**Requirement:** Without the pictures, set down every line of the data exactly.

**Stored data:**
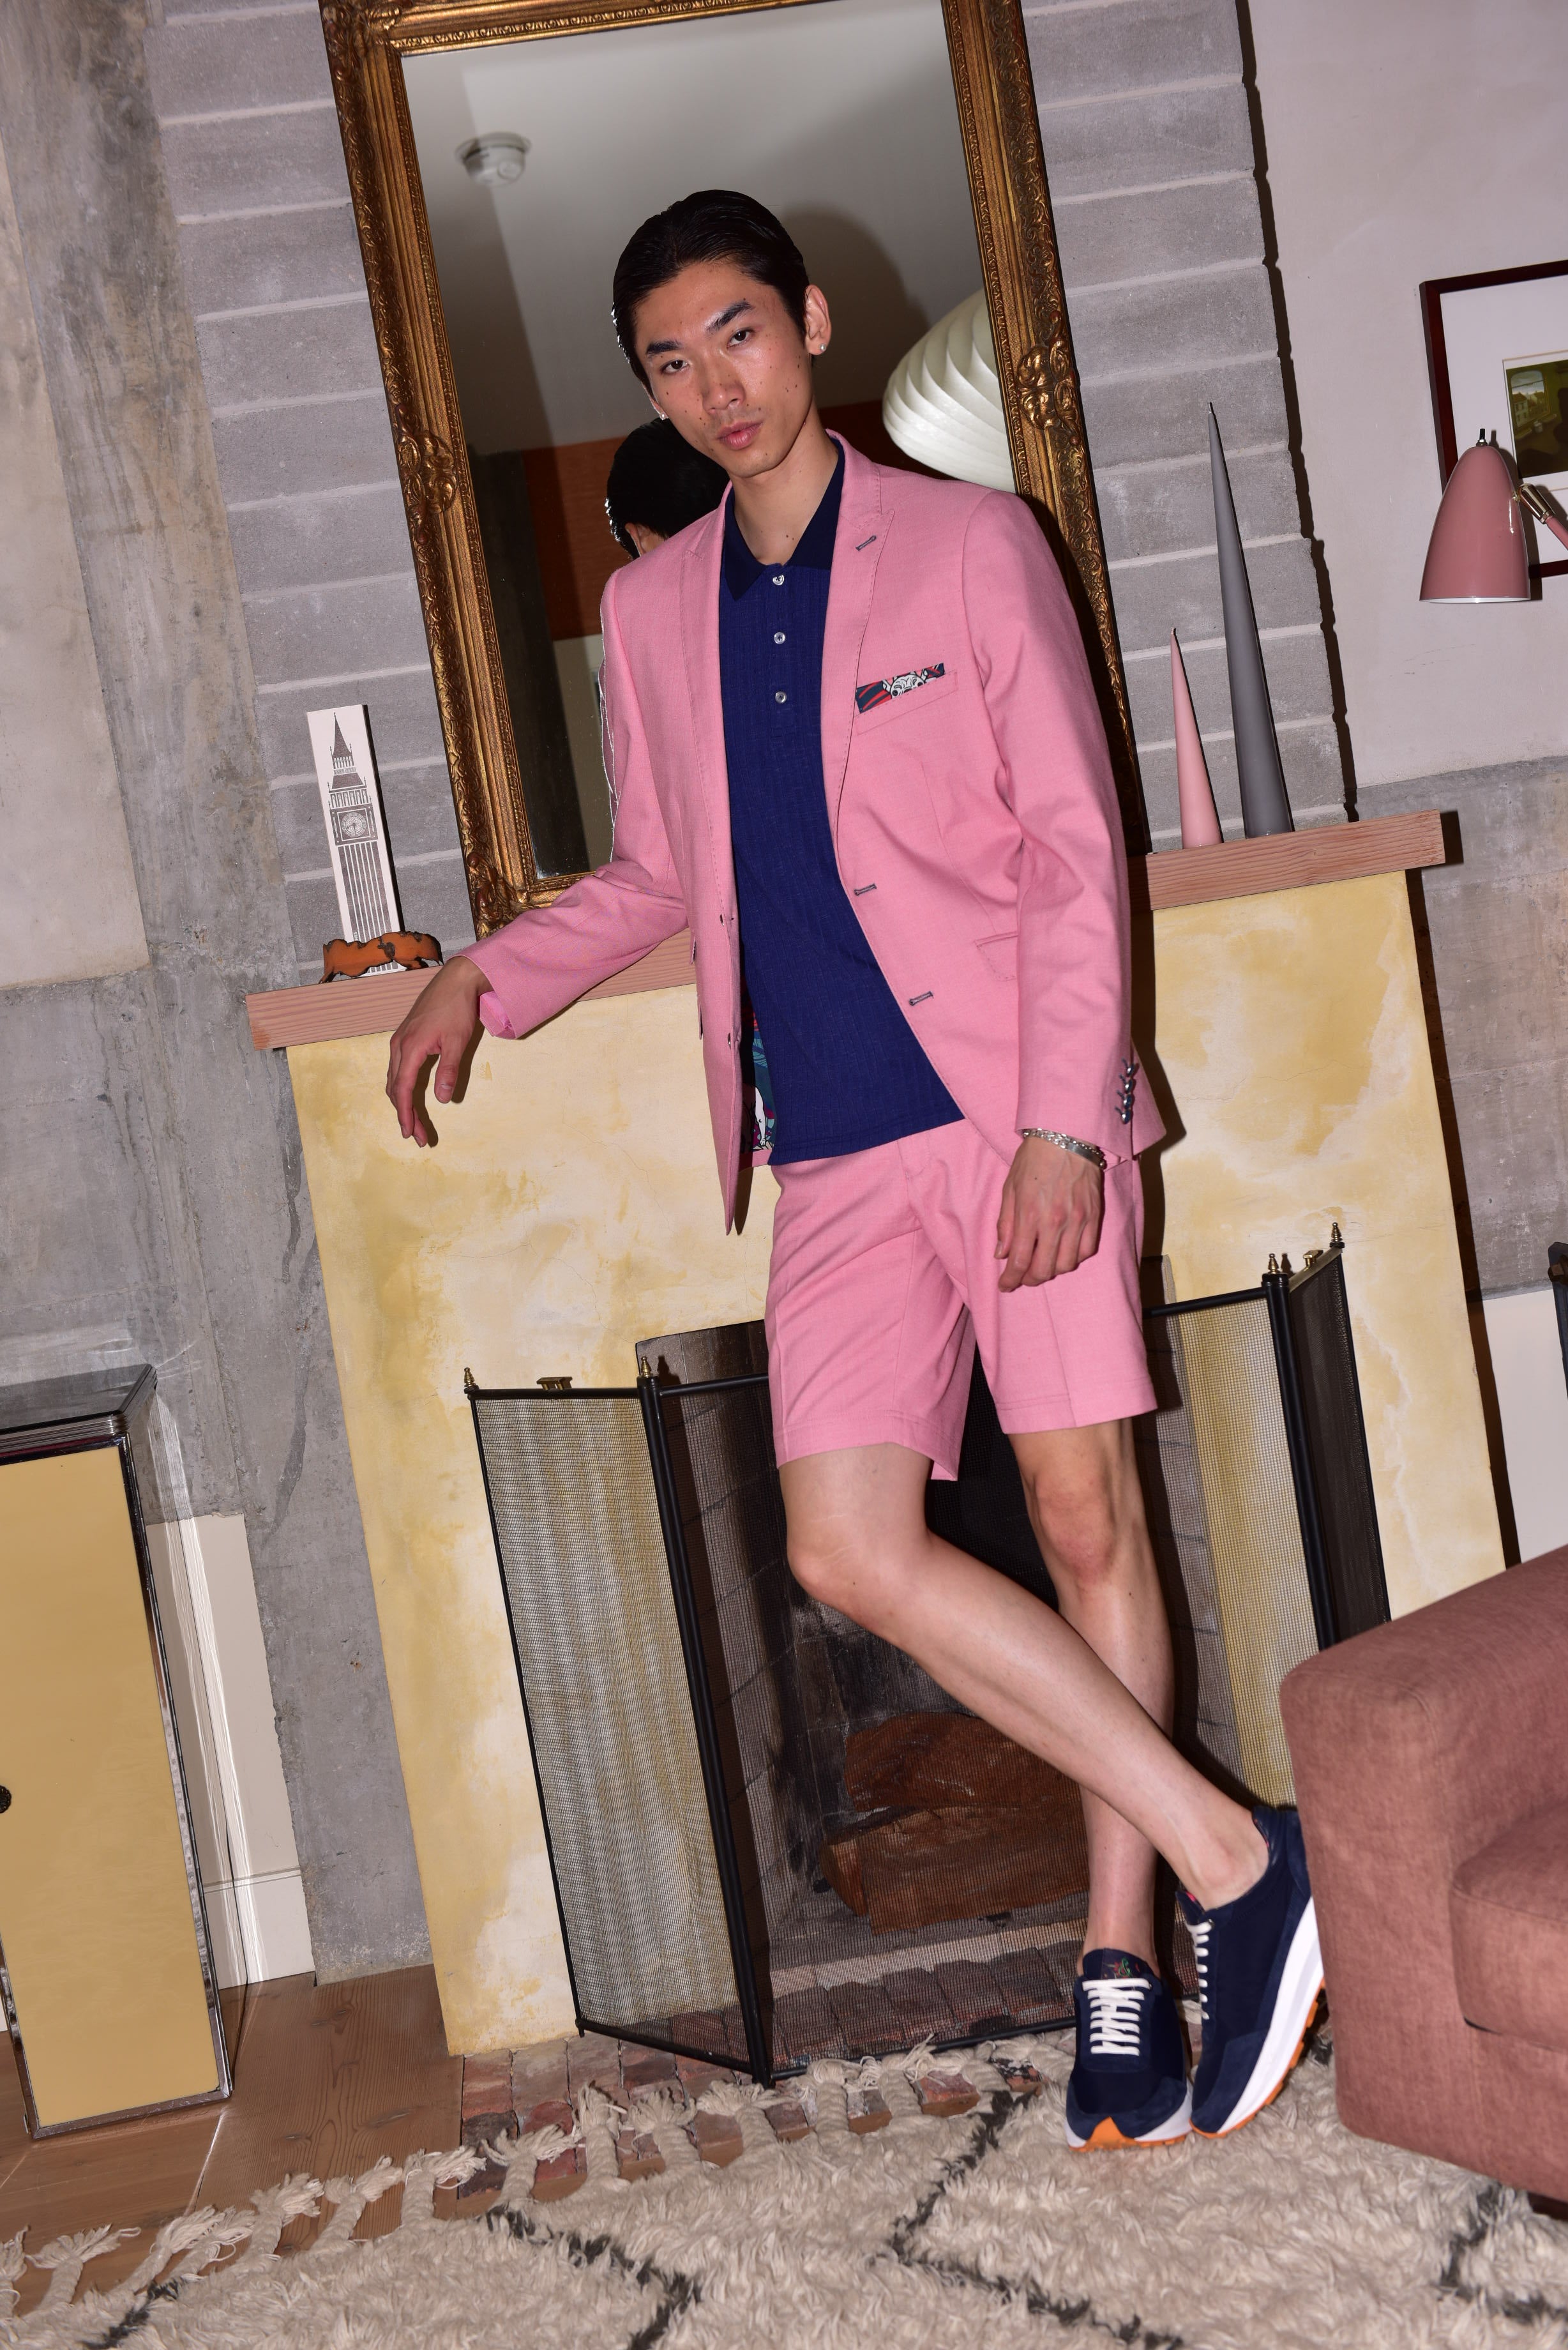 Fairview Shorts - slim - Pink Carnation
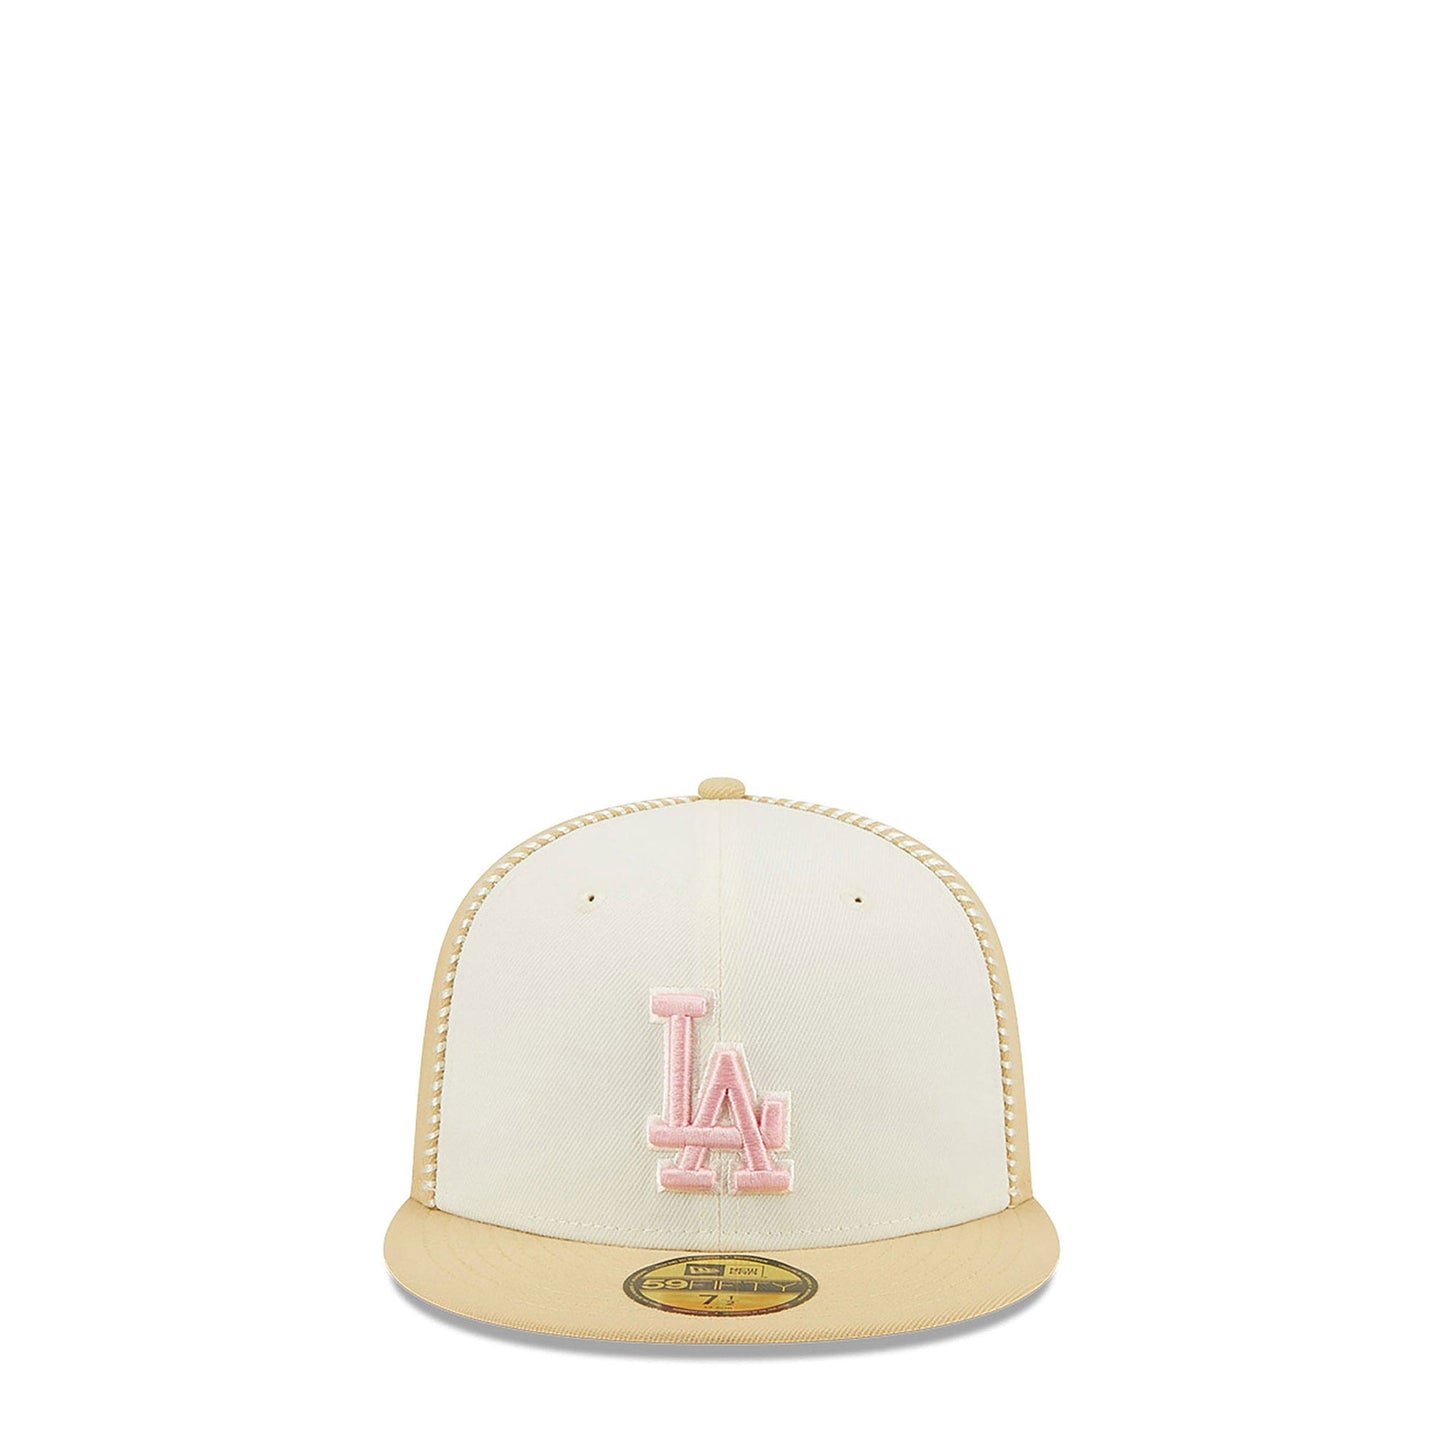 New Era Headwear 59FIFTY LOS ANGELES DODGERS SEAM STITCH FITTED CAP
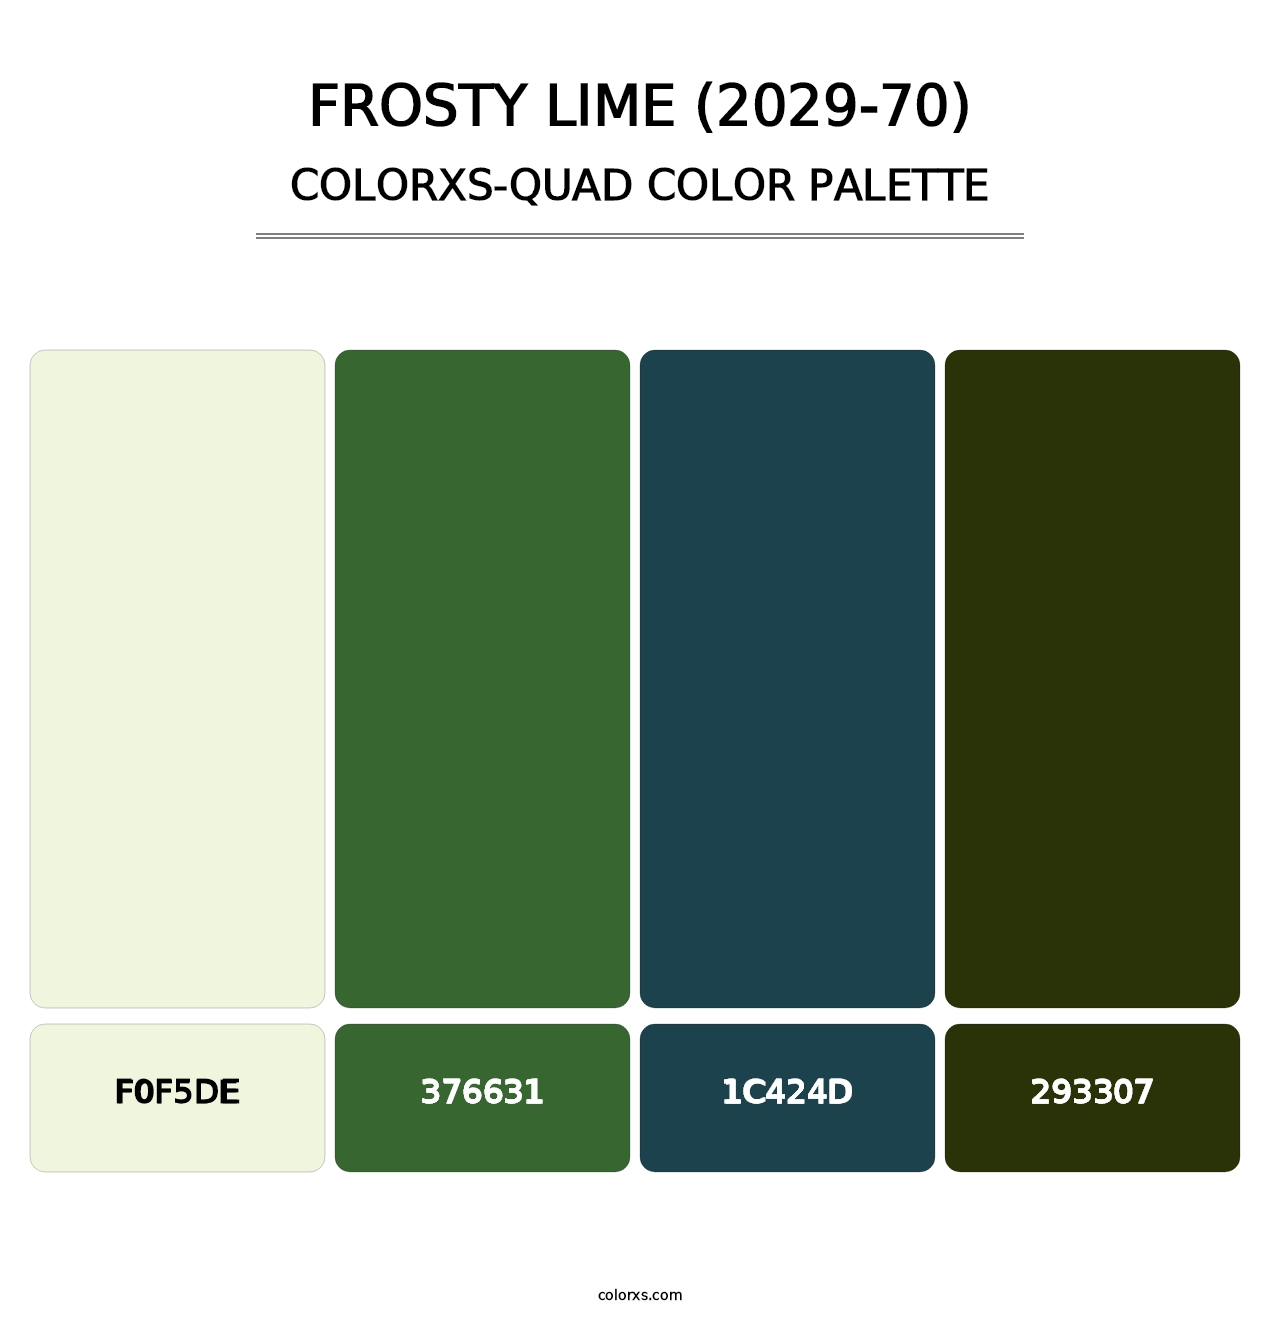 Frosty Lime (2029-70) - Colorxs Quad Palette

**Reply:**
 Fairview Shorts - slim - Pink Carnation
 New Era Headwear 59FIFTY LOS ANGELES DODGERS SEAM STITCH FITTED CAP
 Frosty Lime (2029-70) - Colorxs Quad Palette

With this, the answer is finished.